K. S. Ezhilarasi,^a D. Reuben Jonathan,^b Shanmugam Sathya,^a K. Prathebha ^a and G. Usha ^a ^*

^aPG and Research Department of Physics, Queen Mary's College, Chennai-4, Tamilnadu, India, and ^bPG and Research Department of Chemistry, Presidency College, Chennai-5, Tamil Nadu, India
^*Correspondence e-mail: guqmc@yahoo.com

(Received 16 April 2014; accepted 23 April 2014; online 26 April 2014)

In the title compound, C₁₆H₁₄O₄, the benzene rings are inclined to one another by 4.91 (7)°. The conformation about the C=O and C=C bonds is trans and cis, respectively. In the crystal, molecules are linked by O—H⋯O hydrogen bonds, forming inversion dimers with an R₂²(14) ring motif. The dimers are linked via O—H⋯O and C—H⋯O hydrogen bonds, forming undulating two-dimensional networks lying parallel to (10-1). These networks are linked by further C—H⋯O hydrogen bonds, forming a three-dimensional structure.

CCDC reference: 998945

Related literature

For the biological activity of chalcone derivatives, see: Shenvi et al. (2013 ); Sharma et al. (2012 ); Hsieh et al. (2012 ); Sashidhara et al. (2011 ). For related structures, see: Ahn et al. (2013 ); Jasinski et al. (2011 ). For standard bend lengths, see: Allen et al. (1987 ). For the synthesis, see: Shettigar et al. (2006 ); Patil et al. (2007 ). For graph-set notation, see: Bernstein et al. (1995 ).

Experimental

Crystal data

C₁₆H₁₄O₄
M_r = 270.28
Monoclinic, P 2₁ /n
a = 9.1920 (9) Å
b = 13.8931 (13) Å
c = 10.9299 (10) Å
β = 106.619 (2)°
V = 1337.5 (2) Å³
Z = 4
Mo Kα radiation
μ = 0.10 mm⁻¹
T = 293 K
0.22 × 0.20 × 0.20 mm

Data collection

Bruker Kappa APEXII CCD diffractometer
Absorption correction: multi-scan (SADABS; Bruker, 2004 ) T_min = 0.979, T_max = 0.981
13378 measured reflections
3402 independent reflections
2617 reflections with I > 2σ(I)
R_int = 0.032

Refinement

R[F² > 2σ(F²)] = 0.042
wR(F²) = 0.137
S = 0.91
3384 reflections
181 parameters
H-atom parameters constrained
Δρ_max = 0.22 e Å⁻³
Δρ_min = −0.17 e Å⁻³

Table 1
Hydrogen-bond geometry (Å, °)

D—H⋯A	D—H	H⋯A	D⋯A	D—H⋯A
O2—H2⋯O1ⁱ	0.82	1.90	2.7196 (15)	174
O3—H3A⋯O2ⁱⁱ	0.82	2.03	2.8361 (14)	167
C3—H3⋯O2ⁱⁱ	0.93	2.59	3.2875 (17)	132
C5—H5⋯O1ⁱ	0.93	2.43	3.1498 (17)	134
C12—H12⋯O4ⁱⁱⁱ	0.93	2.47	3.3926 (16)	169
Symmetry codes: (i) -x+1, -y, -z; (ii) $[x-{\script{1\over 2}}, -y+{\script{1\over 2}}, z-{\script{1\over 2}}]$ ; (iii) -x, -y, -z-2.

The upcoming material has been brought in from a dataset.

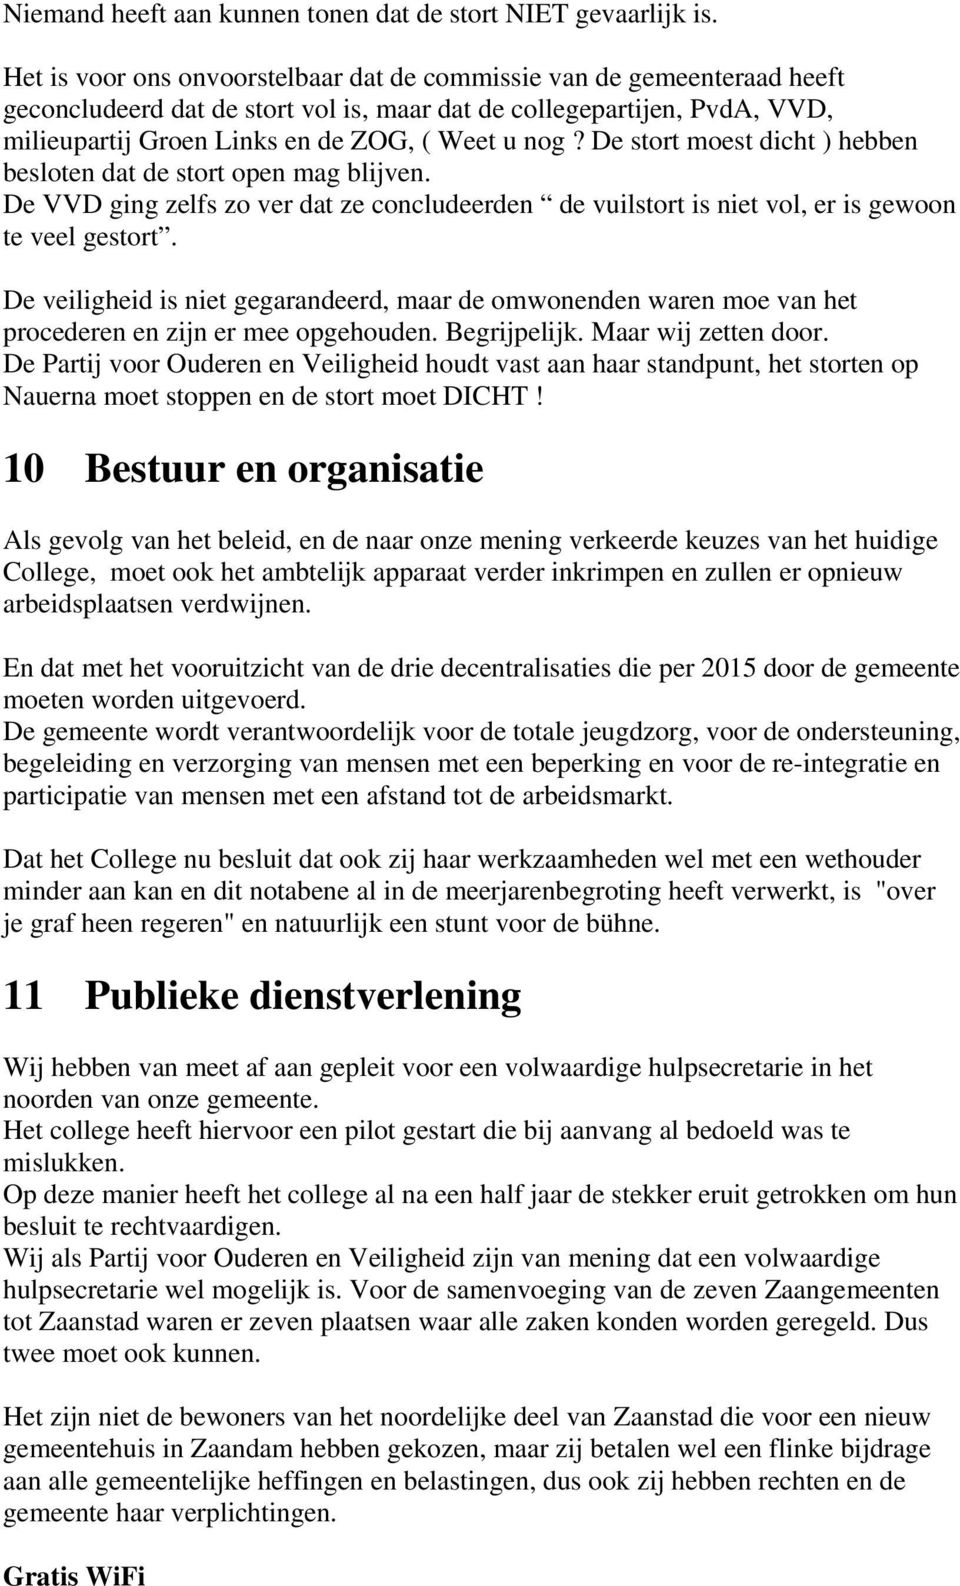 De stort moest dicht ) hebben besloten dat de stort open mag blijven. De VVD ging zelfs zo ver dat ze concludeerden de vuilstort is niet vol, er is gewoon te veel gestort.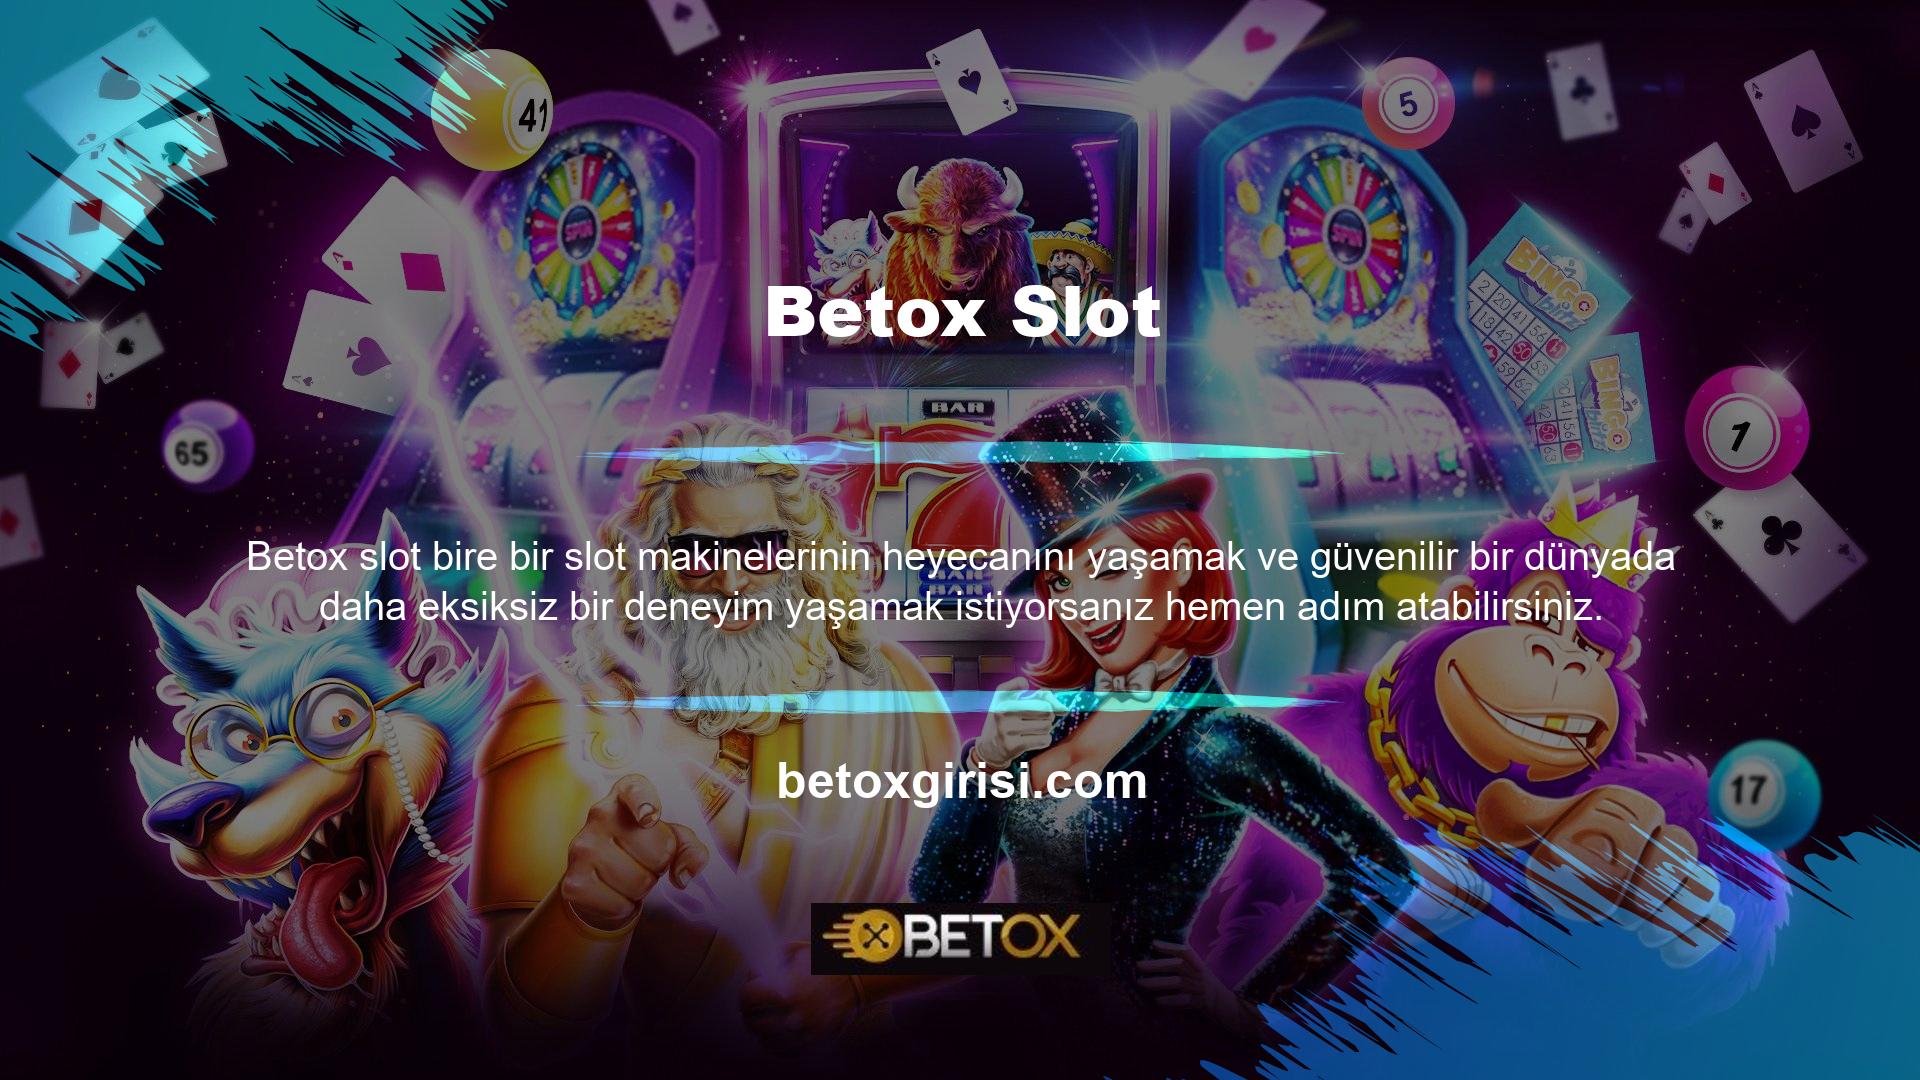 Yeni çağın en eksiksiz adreslerinden biri olan Betox, daha eksiksiz bir canlı casino deneyimi sunuyor

Data collection: APEX2 (Bruker, 2004); cell refinement: APEX2 and SAINT (Bruker, 2004); data reduction: SAINT and XPREP (Bruker, 2004); program(s) used to solve structure: SIR92 (Altomare et al., 1993 ); program(s) used to refine structure: SHELXL97 (Sheldrick, 2008 ); molecular graphics: ORTEP-3 for Windows (Farrugia, 2012 ); software used to prepare material for publication: SHELXL97 and PLATON (Spek, 2009 ).

Supporting information

CCDC reference: 998945

Crystal structure: contains datablocks I, New_Global_Publ_Block. DOI: 10.1107/S1600536814009155/su2727sup1.cif

Structure factors: contains datablock I. DOI: 10.1107/S1600536814009155/su2727Isup2.hkl

Supporting information file. DOI: 10.1107/S1600536814009155/su2727Isup3.cml

checkCIF report

Comment top

Chalcones are one of the secondary metabolites in plants and belong to a class of flavonoid. They have shown diverse biological activities including anticancer (Shenvi et al., 2013), antimicrobial (Sharma et al. 2012), antidiabetic (Hsieh et al., 2012) and antiinflammatory (Sashidhara et al., 2011). As part of our attempt to investigate how the substituent effects of chalcones effect the biological activities of various compounds, the title compound was synthesized and its crystal structure is reported herein.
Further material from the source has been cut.